▸ **INFORMATION SHOWN**:
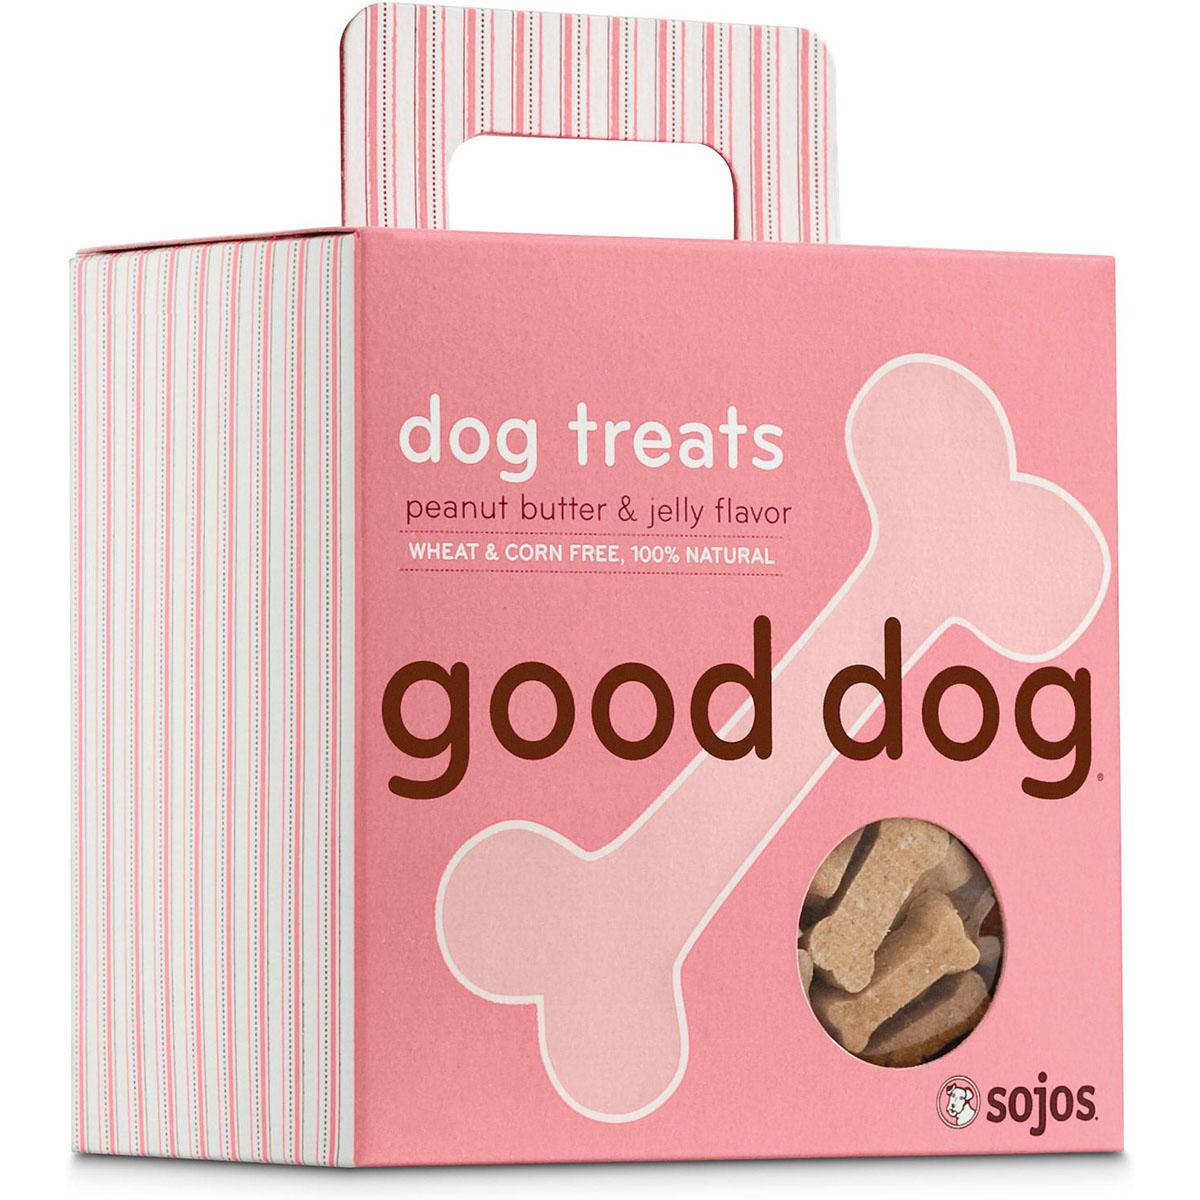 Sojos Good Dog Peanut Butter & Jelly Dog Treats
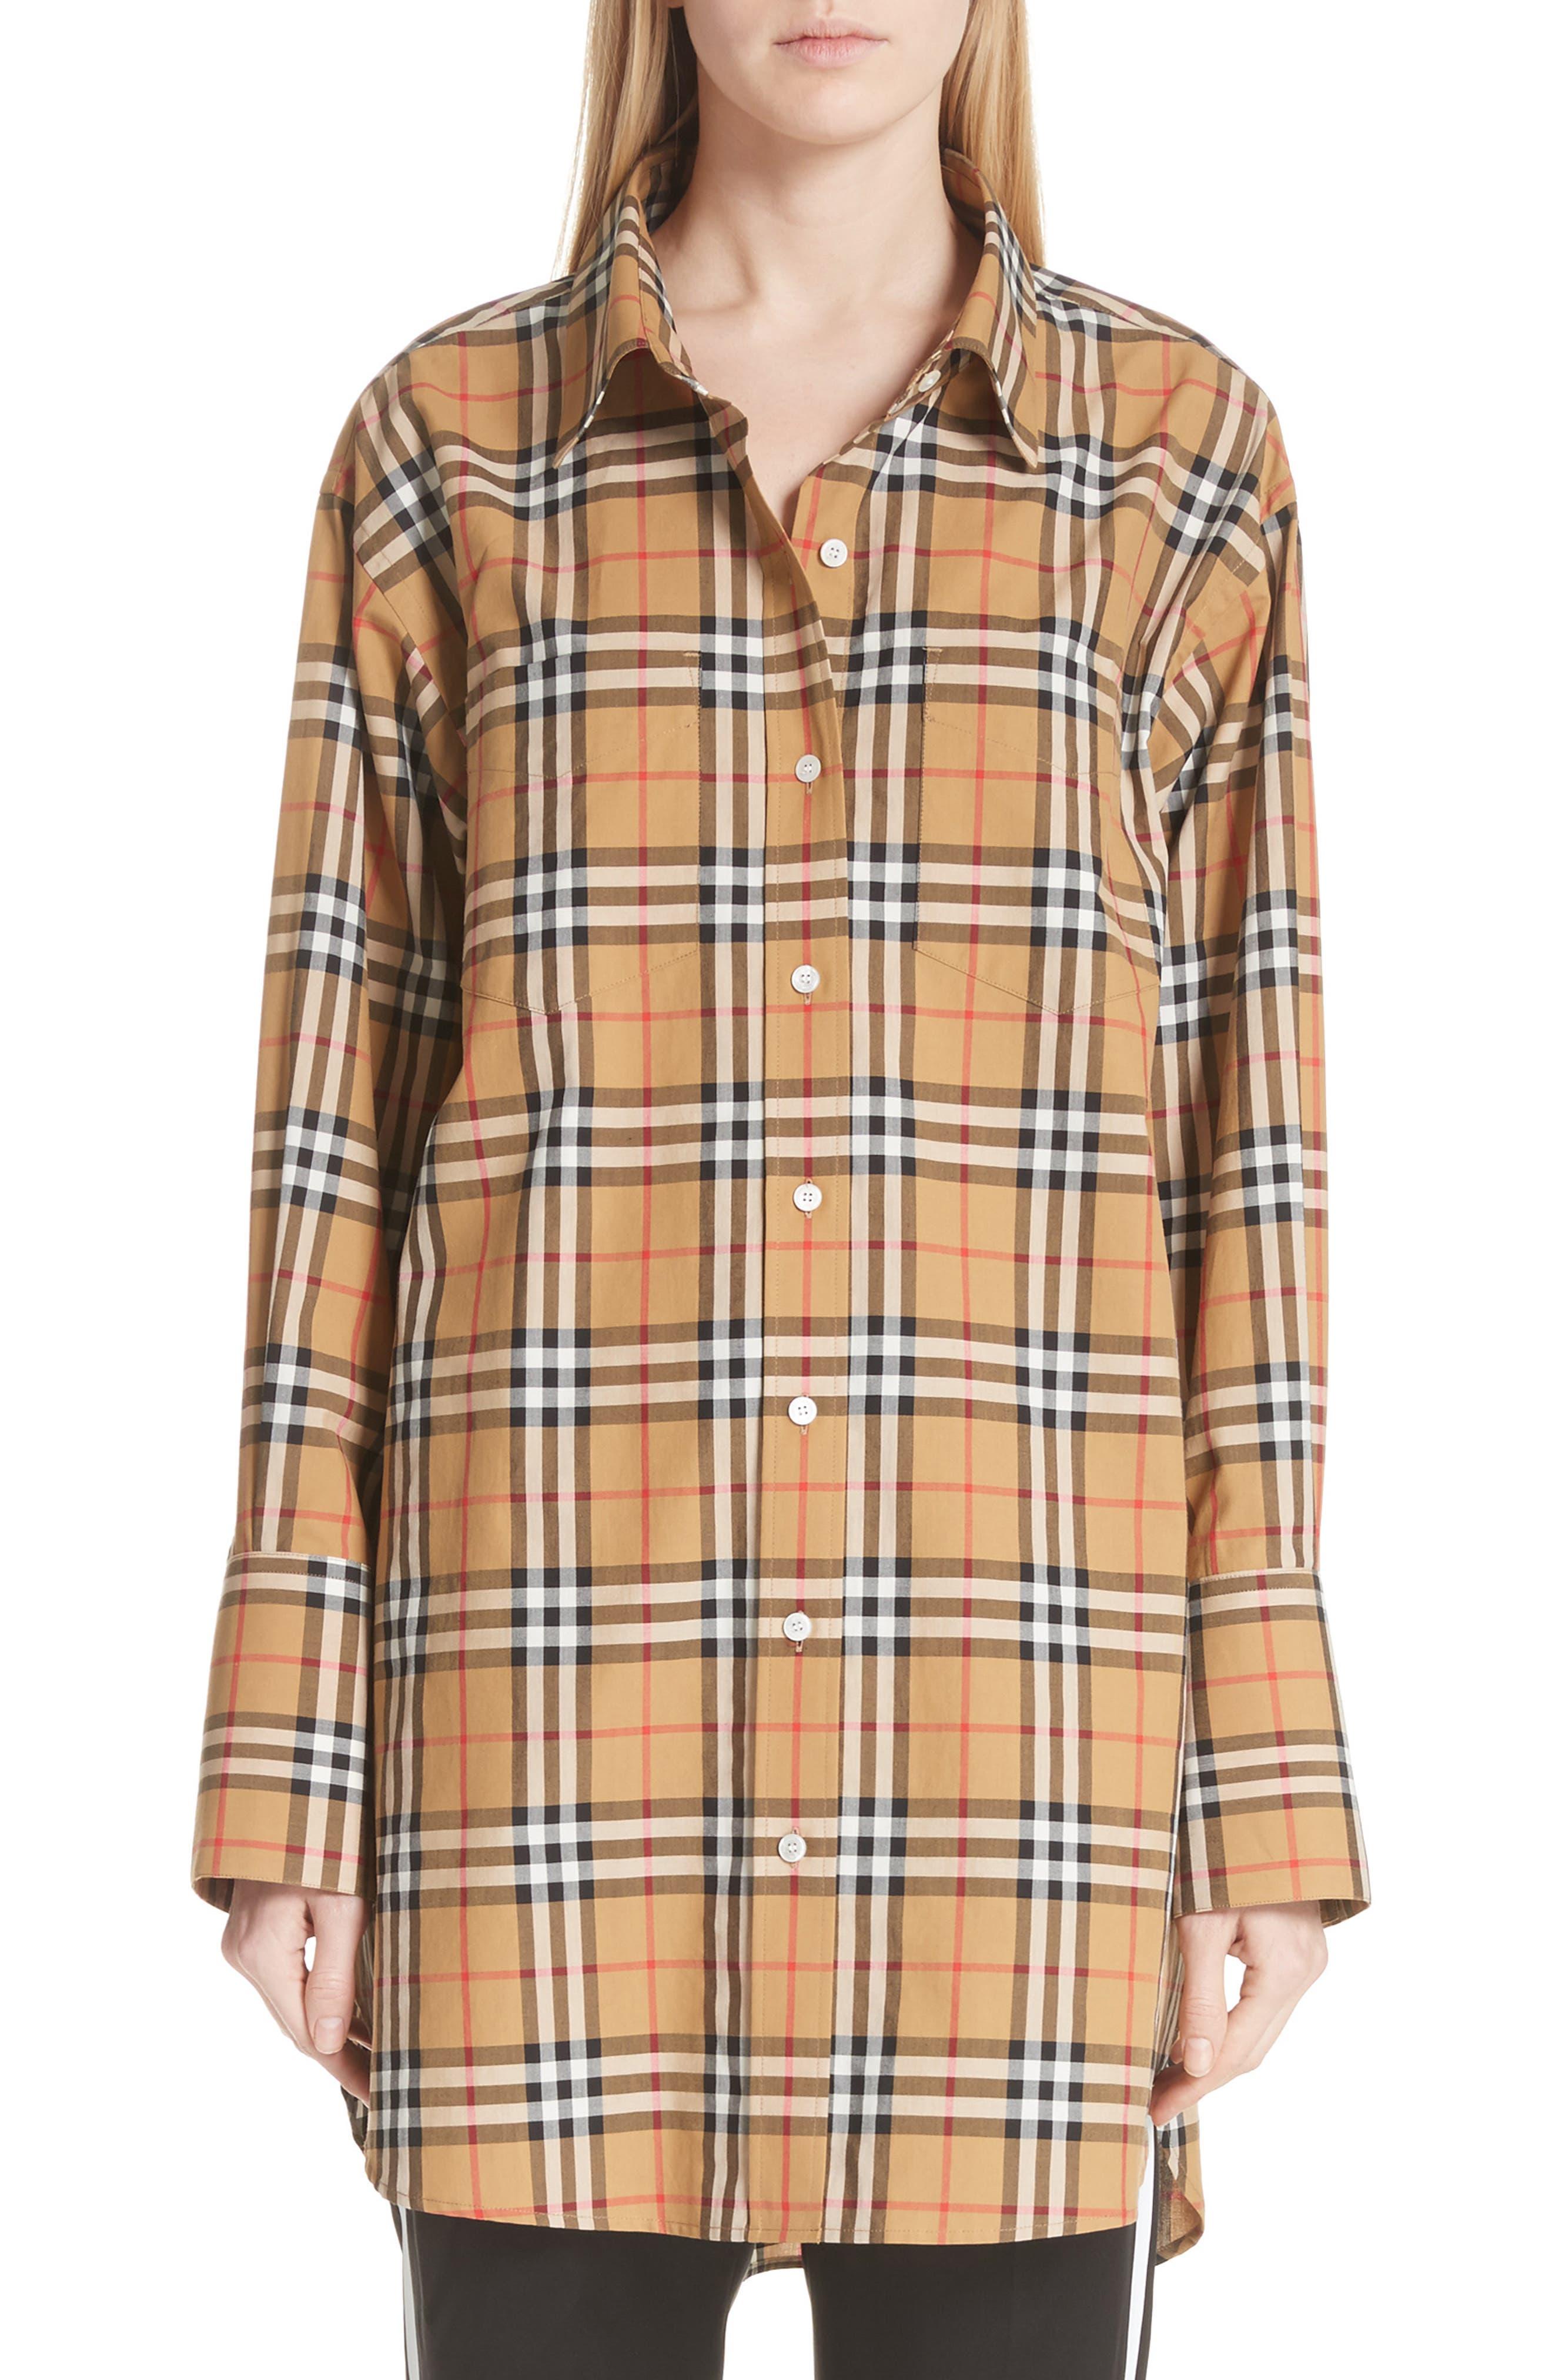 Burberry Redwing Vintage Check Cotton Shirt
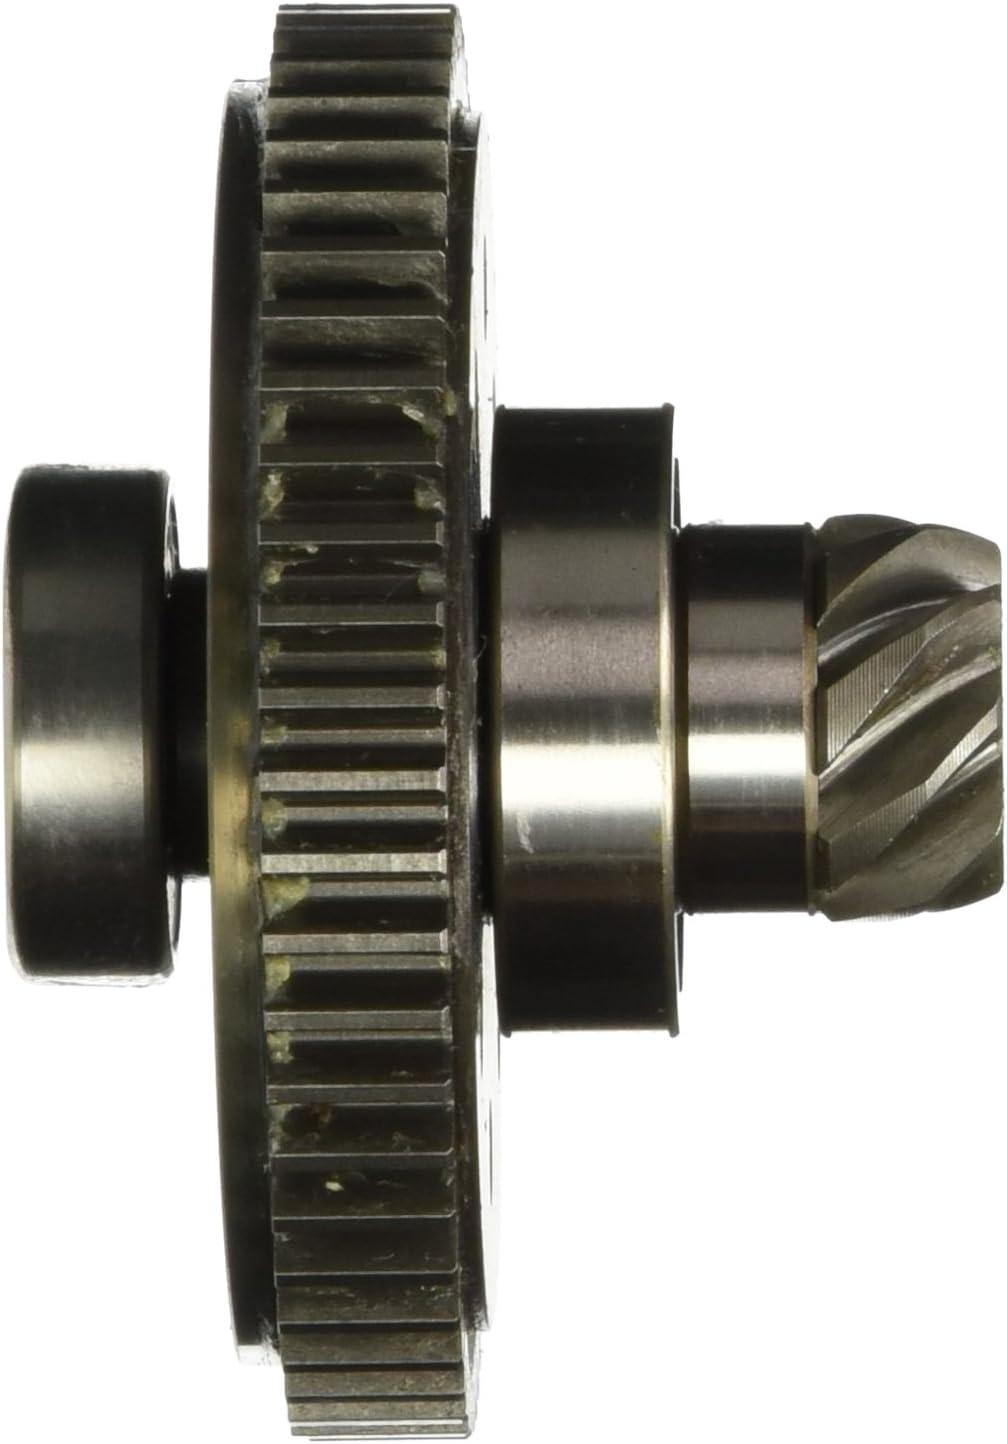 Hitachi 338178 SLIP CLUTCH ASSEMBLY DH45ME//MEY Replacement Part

▸ **EXERCISE REQUIREMENTS**: Only the pictures may be dropped when you copy the data above; everything else stays exact.

▸ **RESULT OF THIS EXERCISE**:
 Sojos Good Dog Peanut Butter & Jelly Dog Treats
 Burberry Redwing Vintage Check Cotton Shirt
 Hitachi 338178 SLIP CLUTCH ASSEMBLY DH45ME//MEY Replacement Part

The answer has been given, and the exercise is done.